À 25 ans, Kevin Lemieux a fait son sac et est parti vivre en Floride, presque du jour au lendemain. Cela faisait des années qu'il travaillait dans la PME de son père, Keca International, qui fabrique à Montréal des chaises et des tables qui sont vendues aux hôtels (Marriott, Hilton, etc.) et aux restaurants (La Cage, Zibo, etc.). Et il était convaincu que son avenir - tout comme celui de Keca - passait par les États-Unis.

«Mon père m'a donné cinq années pour prospecter le marché américain. Les résultats après seulement deux ans : des contrats signés avec des hôtels de luxe à Porto Rico et à Sainte-Lucie ; des représentants recrutés dans plusieurs États voisins (Connecticut, Géorgie, etc.) ; et surtout, des relations incroyables nouées avec des personnes a priori inaccessibles, comme, dernièrement, l'un des principaux acheteurs de mobilier pour Walt Disney World», dit le jeune vice-président, marketing, de Keca International, en sirotant un latte glacé dans un Starbucks de South Beach, à deux pas de la plage ensoleillée.

Une performance qui ravit Pierre Lemieux, son père : «Kevin travaille beaucoup avec sa soeur Cathy, qui fait de nombreux allers-retours entre Montréal et Miami. Tous deux sont de la génération Y et m'ont fait comprendre que Keca ne pouvait pas dormir sur ses lauriers, qu'il nous fallait conquérir les États-Unis en nous servant de la Floride comme d'un tremplin. Je dois reconnaître aujourd'hui qu'ils avaient vu juste : 10 % de notre chiffre d'affaires provient d'ores et déjà de notre voisin du Sud, et ce n'est qu'un début», dit-il.

La PME montréalaise n'est pas la seule à avoir senti le filon et à s'y précipiter. Une récente étude du Consulat général du Canada à Miami répertorie 210 entreprises canadiennes implantées en Floride, lesquelles occupent un total de 625 bureaux. Celles-ci sont surtout présentes aux alentours de Miami et - fait nouveau depuis une poignée d'années - oeuvrent dans un large éventail de secteurs : services financiers et d'assurance (33 %) ; services personnels, aux entreprises et autres (20 %) ; fabrication (18 %) ; soins de santé (7 %) ; technologies de l'information (3 %) ; etc. Parmi elles figurent des fleurons du Québec, comme Aldo, Alimentation Couche-Tard, Bombardier, CAE, GardaWorld, SNC-Lavalin et le Cirque du Soleil.

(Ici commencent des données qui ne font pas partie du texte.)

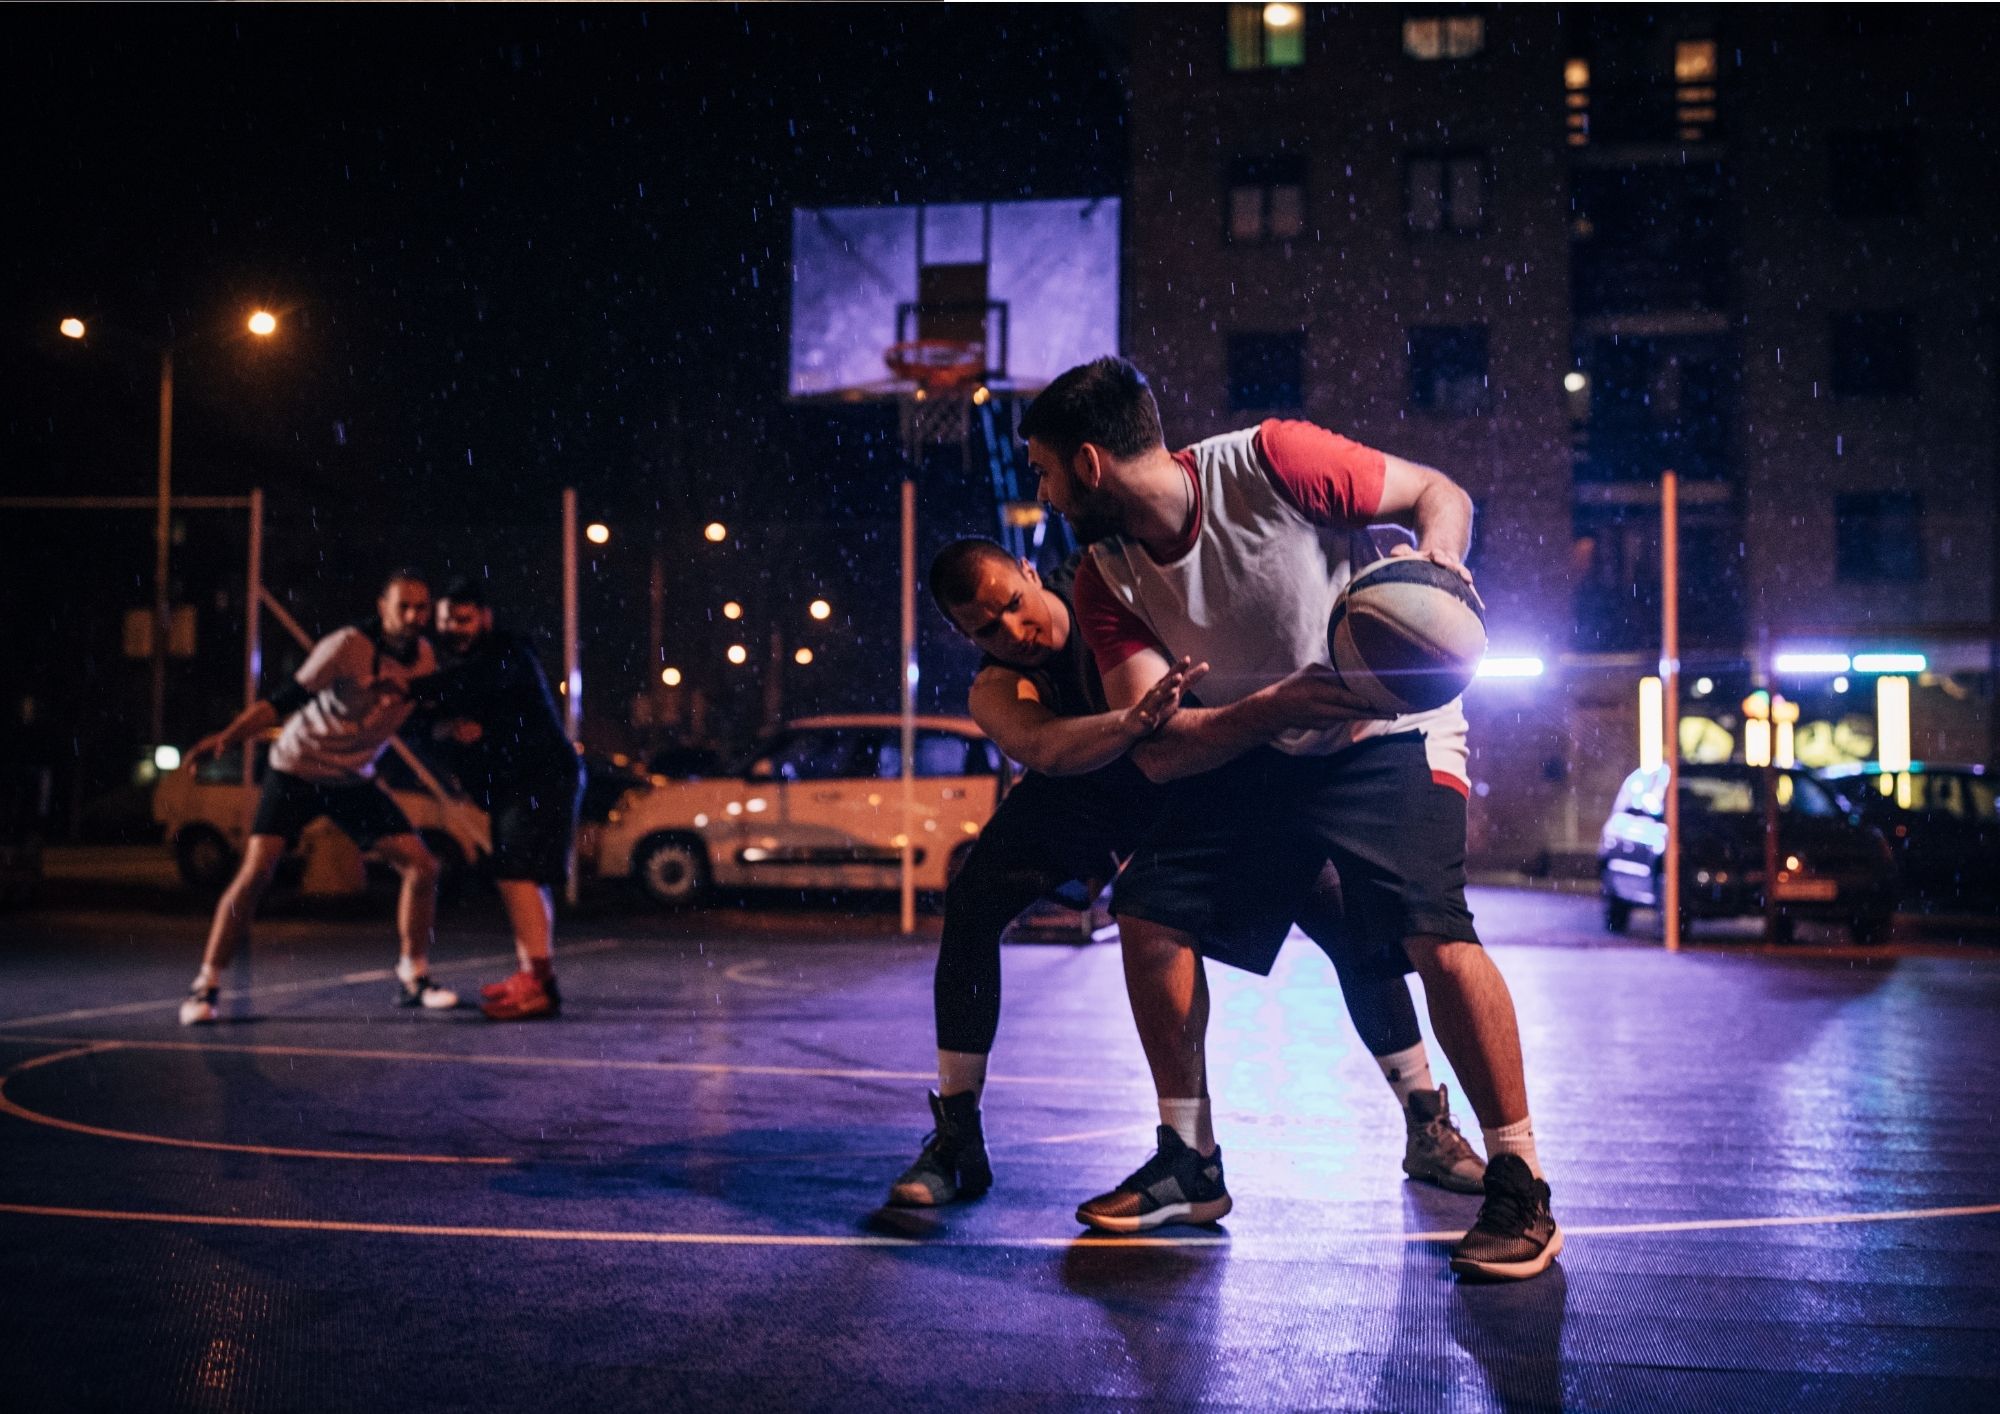 Playing a game of basketball at night

Une croissance spectaculaire

Deux faits marquants de l'étude résument à eux seuls l'ampleur du phénomène : d'une part, les entreprises canadiennes investissent en Floride pour 3,4 milliards de dollars par an, ce qui, au passage, fournit de l'emploi à quelque 27 000 Floridiens ; d'autre part, les échanges économiques entre le Canada et la Floride connaissent une croissance spectaculaire de 7 % en moyenne par année depuis 2011, par rapport à seulement 2 % au cours de la décennie précédente.

«Les échanges Canada-Floride sont uniques en ce sens que nos entrepreneurs ne se limitent pas à échanger des biens finis, mais visent plutôt à travailler et à produire conjointement des biens et des services», souligne le Consulat général dans son étude.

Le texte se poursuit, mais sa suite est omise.